*Dataset content*:

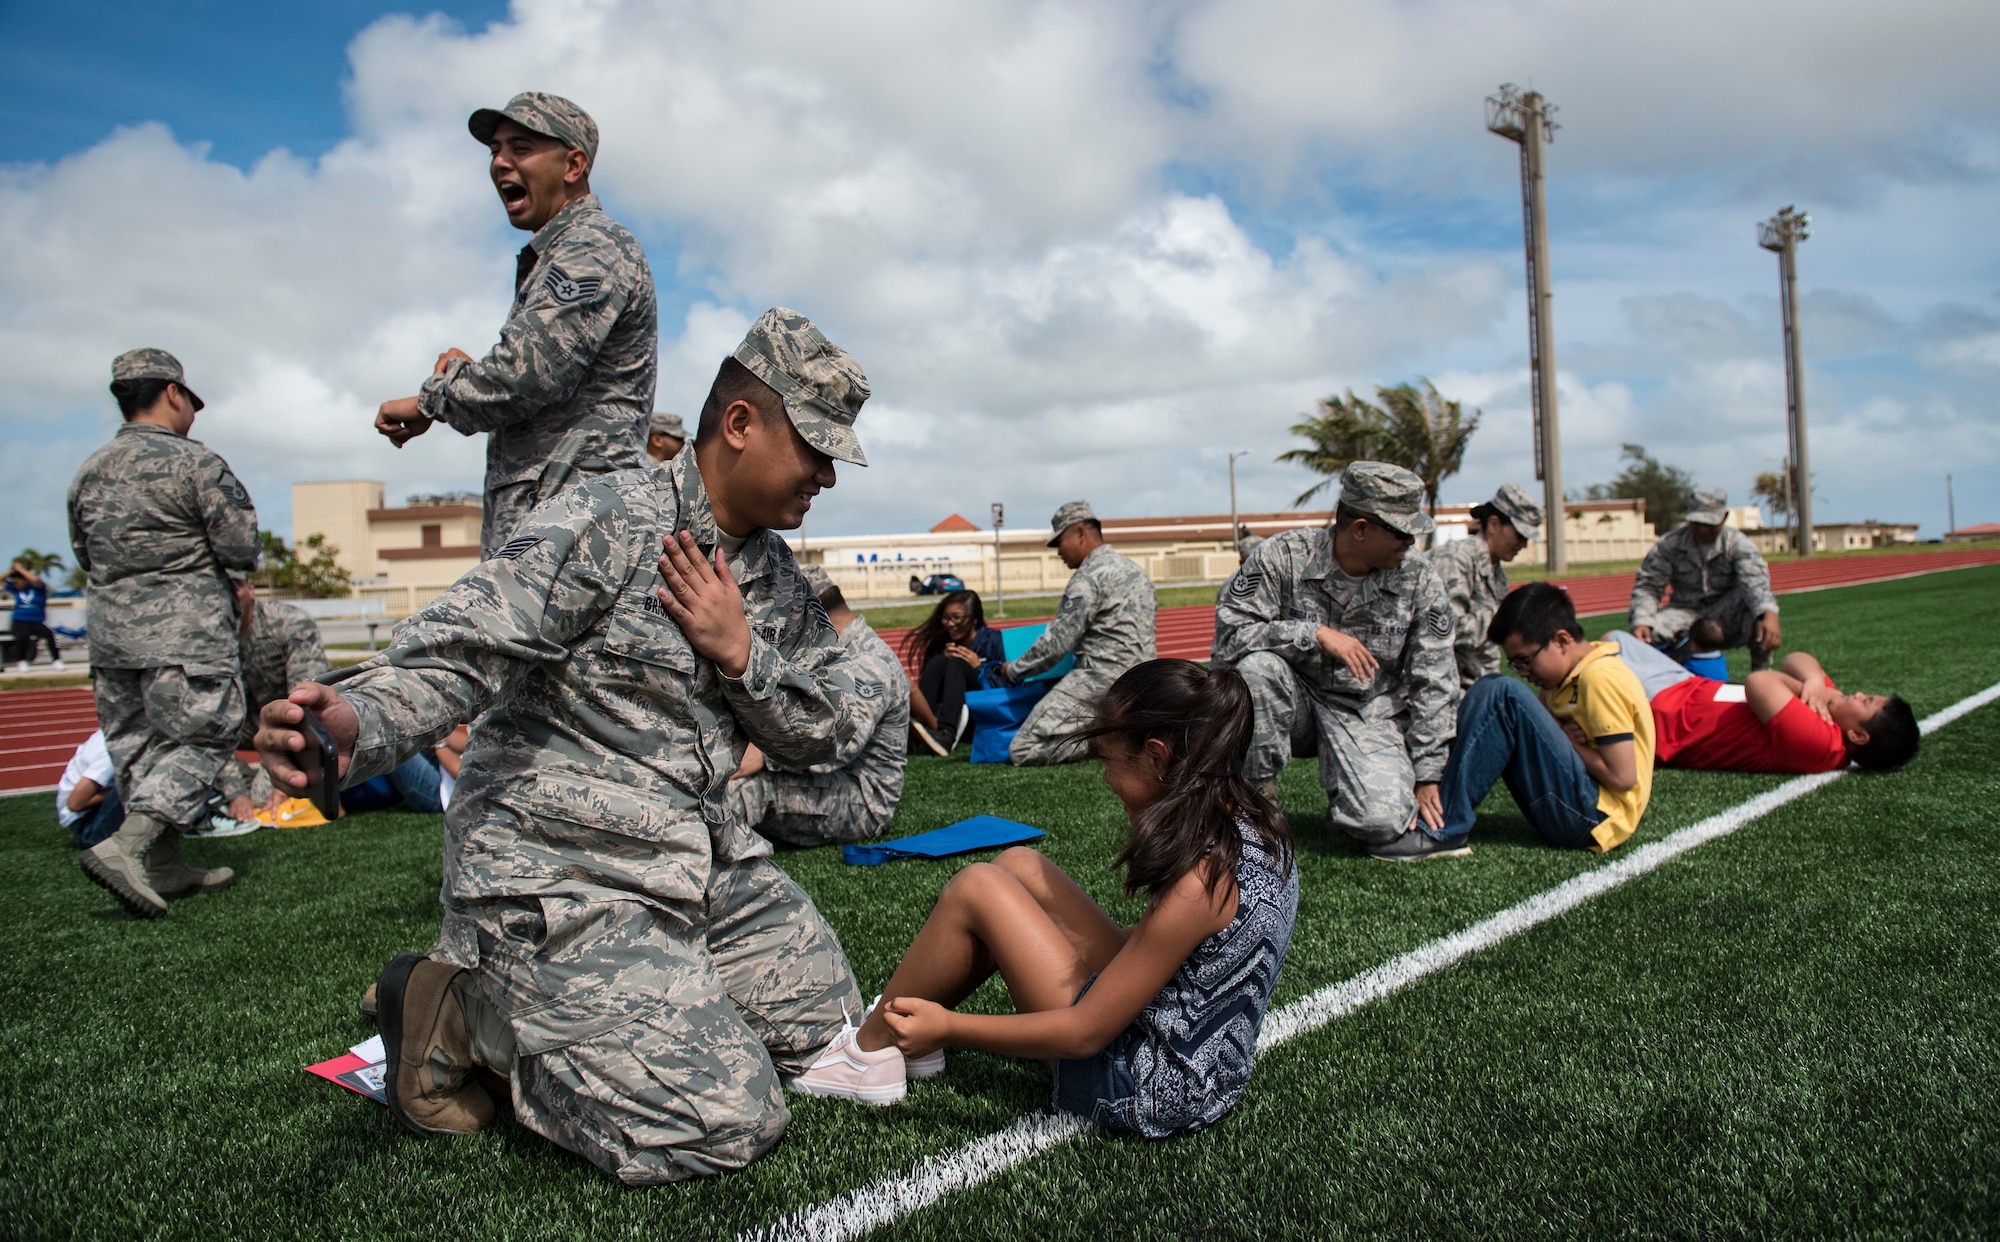 U.S. Air Force Reservists assigned to the 44th Aerial Port Squadron perform physical training games with military children during Operation Inafa’ Maolek at Andersen Air Force Base, May 5, 2018.
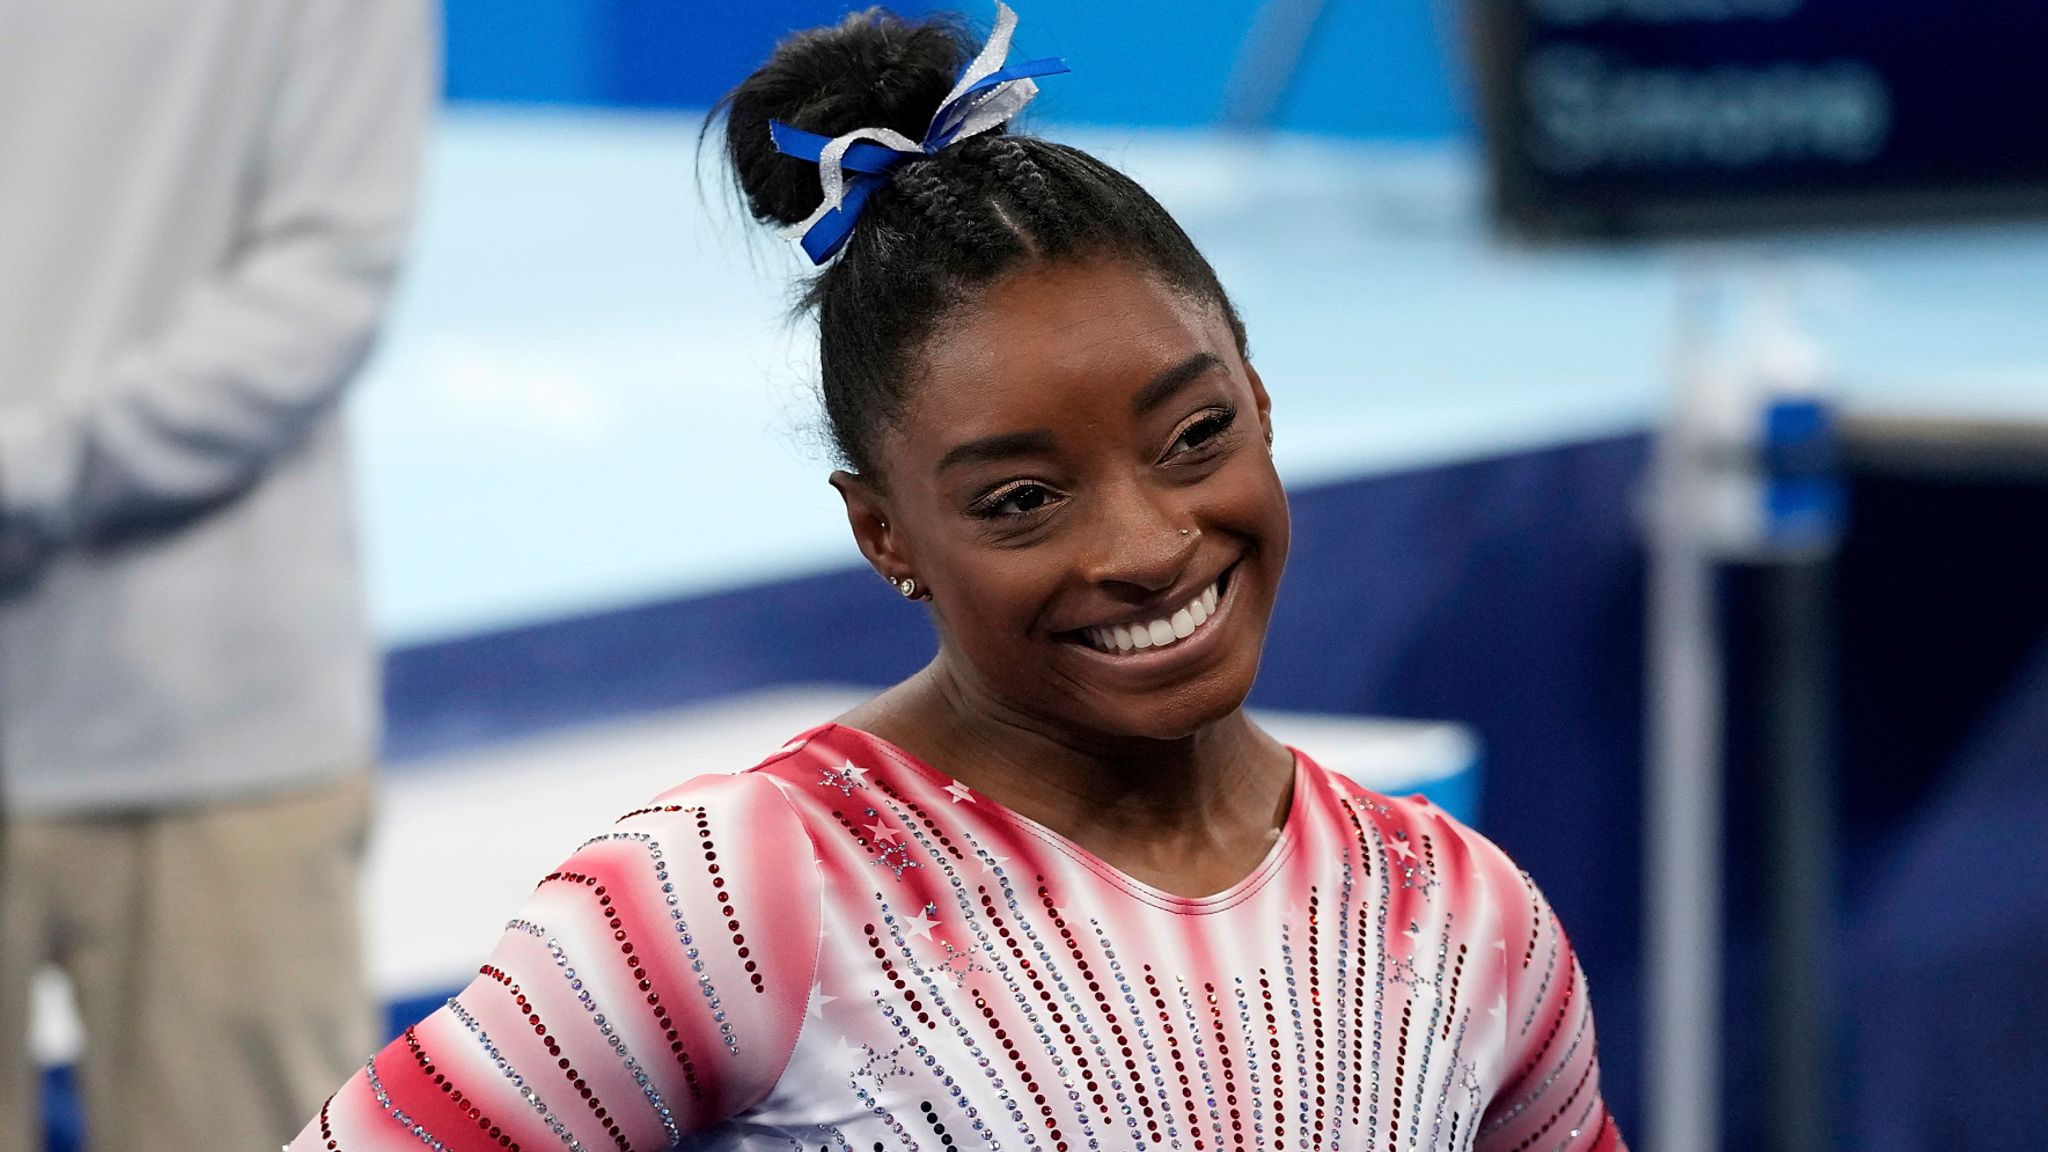 Overland Iop| #1 Intensive Outpatient Programs | Los Angeles Ca What Happened to Simone Biles in Tokyo
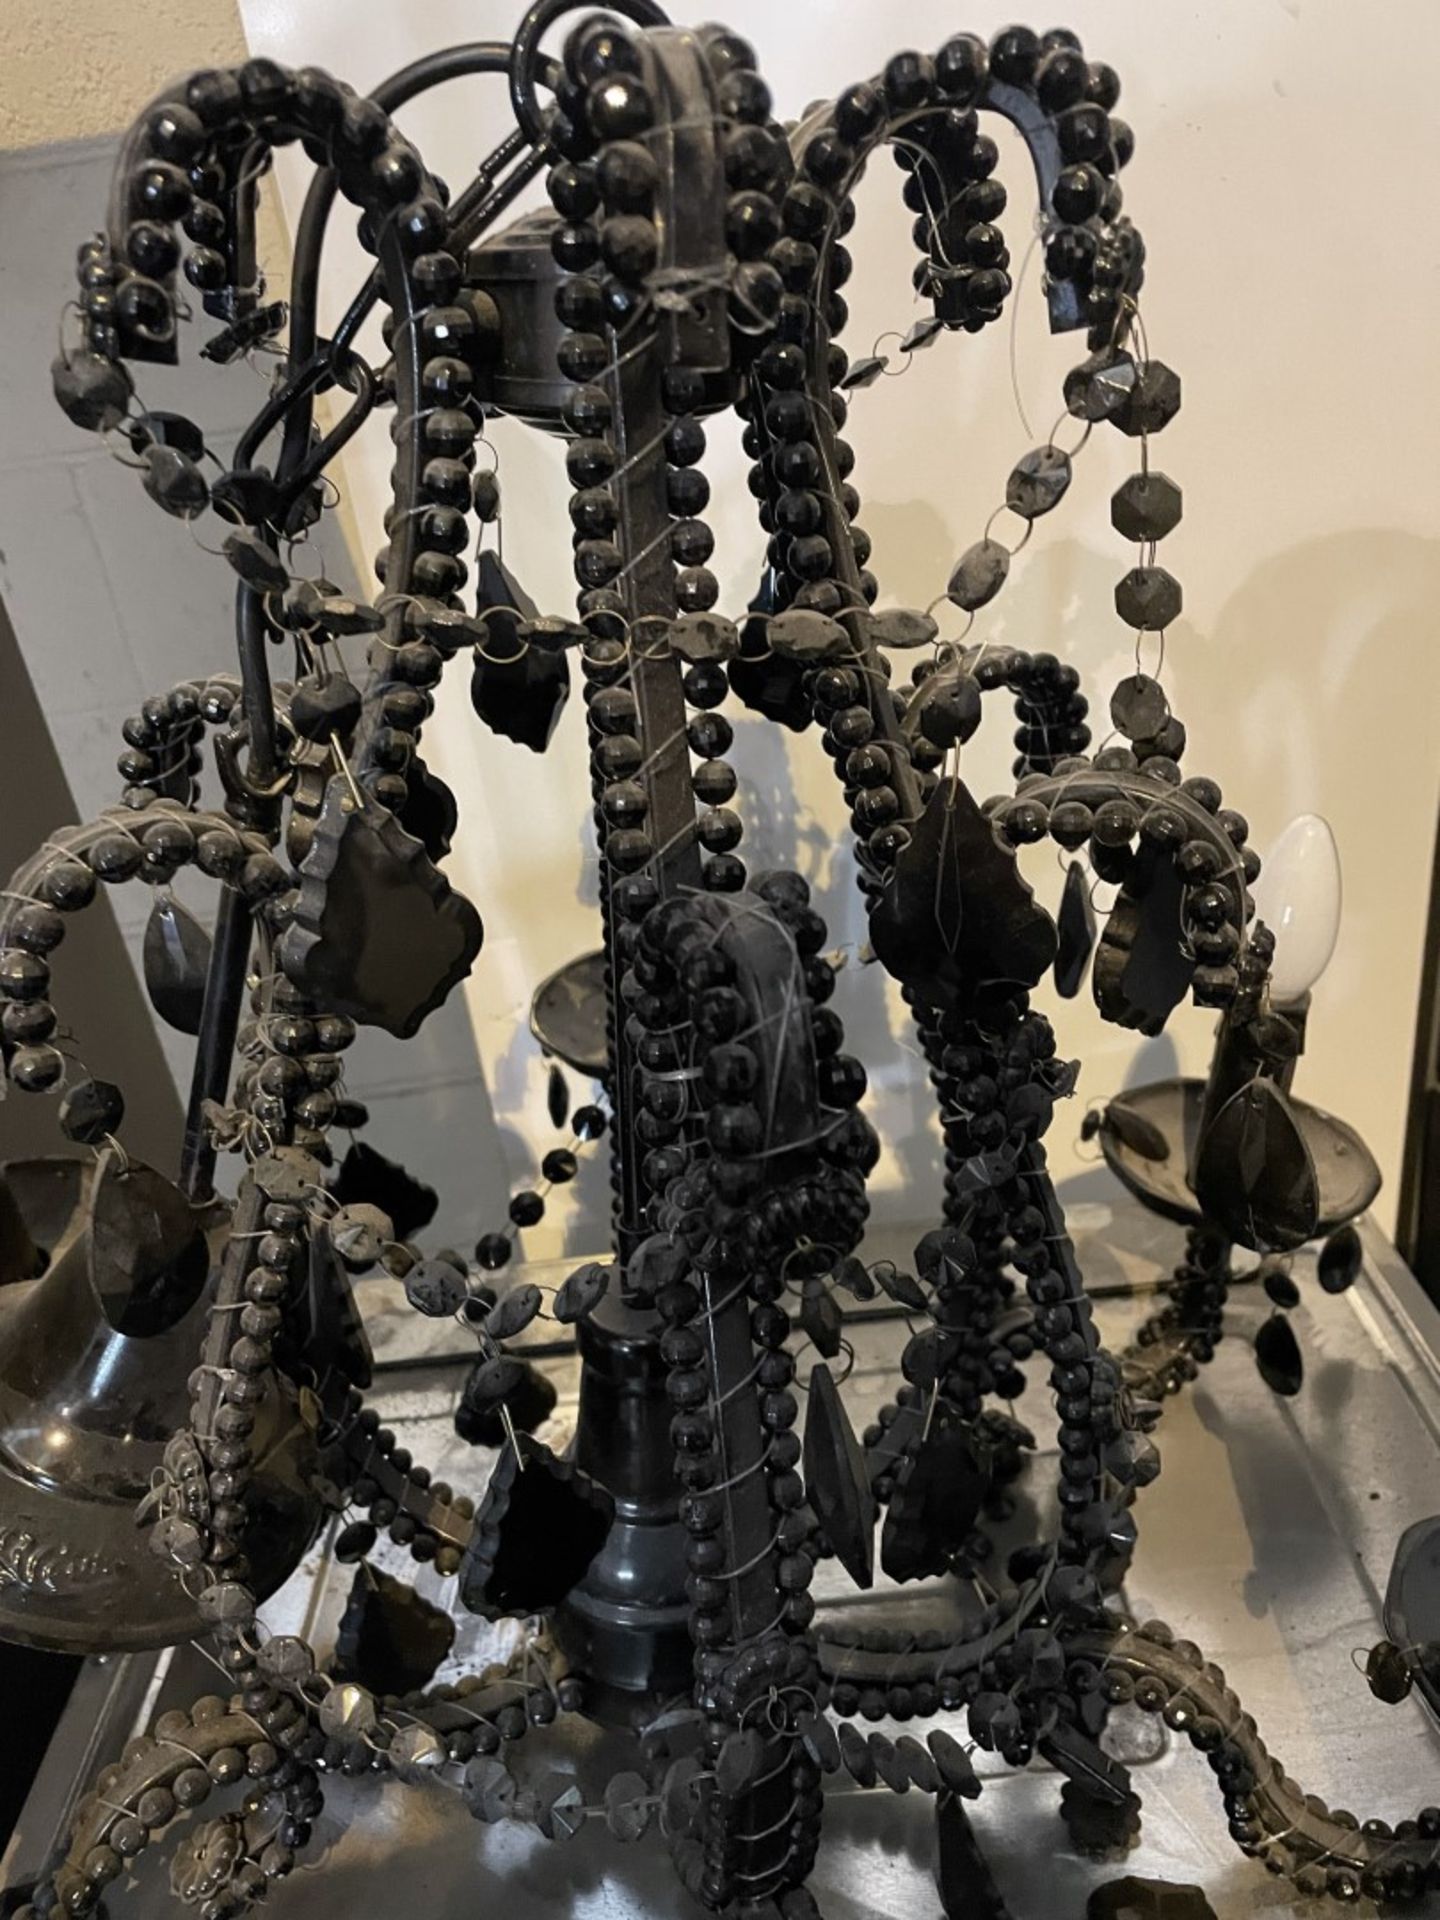 1 x Black Ornate Chandelier - Ref: J122 - CL531 - Location: Essex, RM19 Recently removed from a - Image 3 of 4
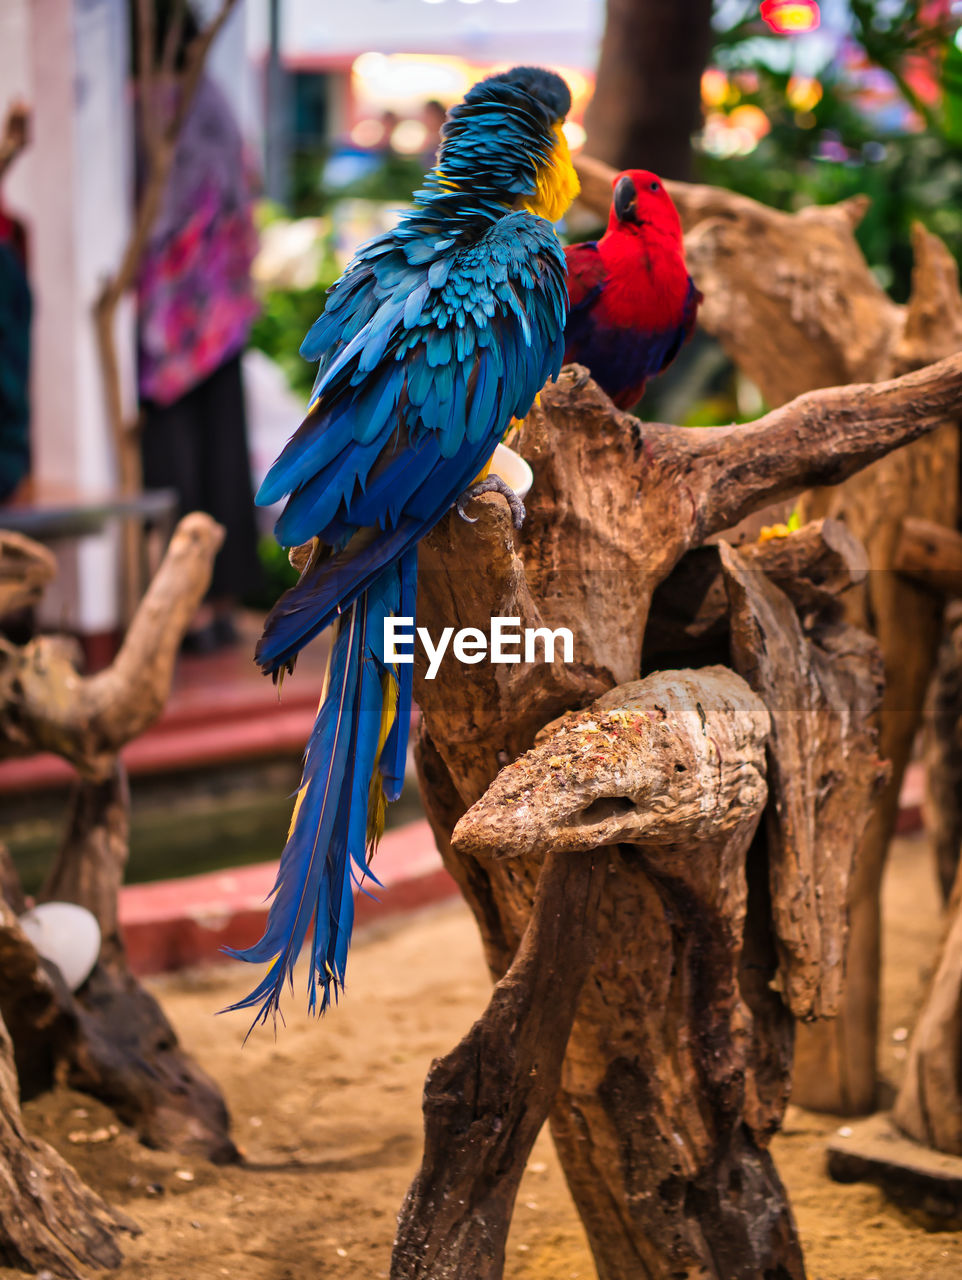 Take photos of the colorful macaw parrots with the bird care staff at the mall.

*Work to complete*: Produce the full material again verbatim, with the pictures dropped.

*Answer box*:
 U.S. Air Force Reservists assigned to the 44th Aerial Port Squadron perform physical training games with military children during Operation Inafa’ Maolek at Andersen Air Force Base, May 5, 2018.
 Overland Iop| #1 Intensive Outpatient Programs | Los Angeles Ca What Happened to Simone Biles in Tokyo
 1 x Black Ornate Chandelier - Ref: J122 - CL531 - Location: Essex, RM19 Recently removed from a - Image 3 of 4
 Take photos of the colorful macaw parrots with the bird care staff at the mall.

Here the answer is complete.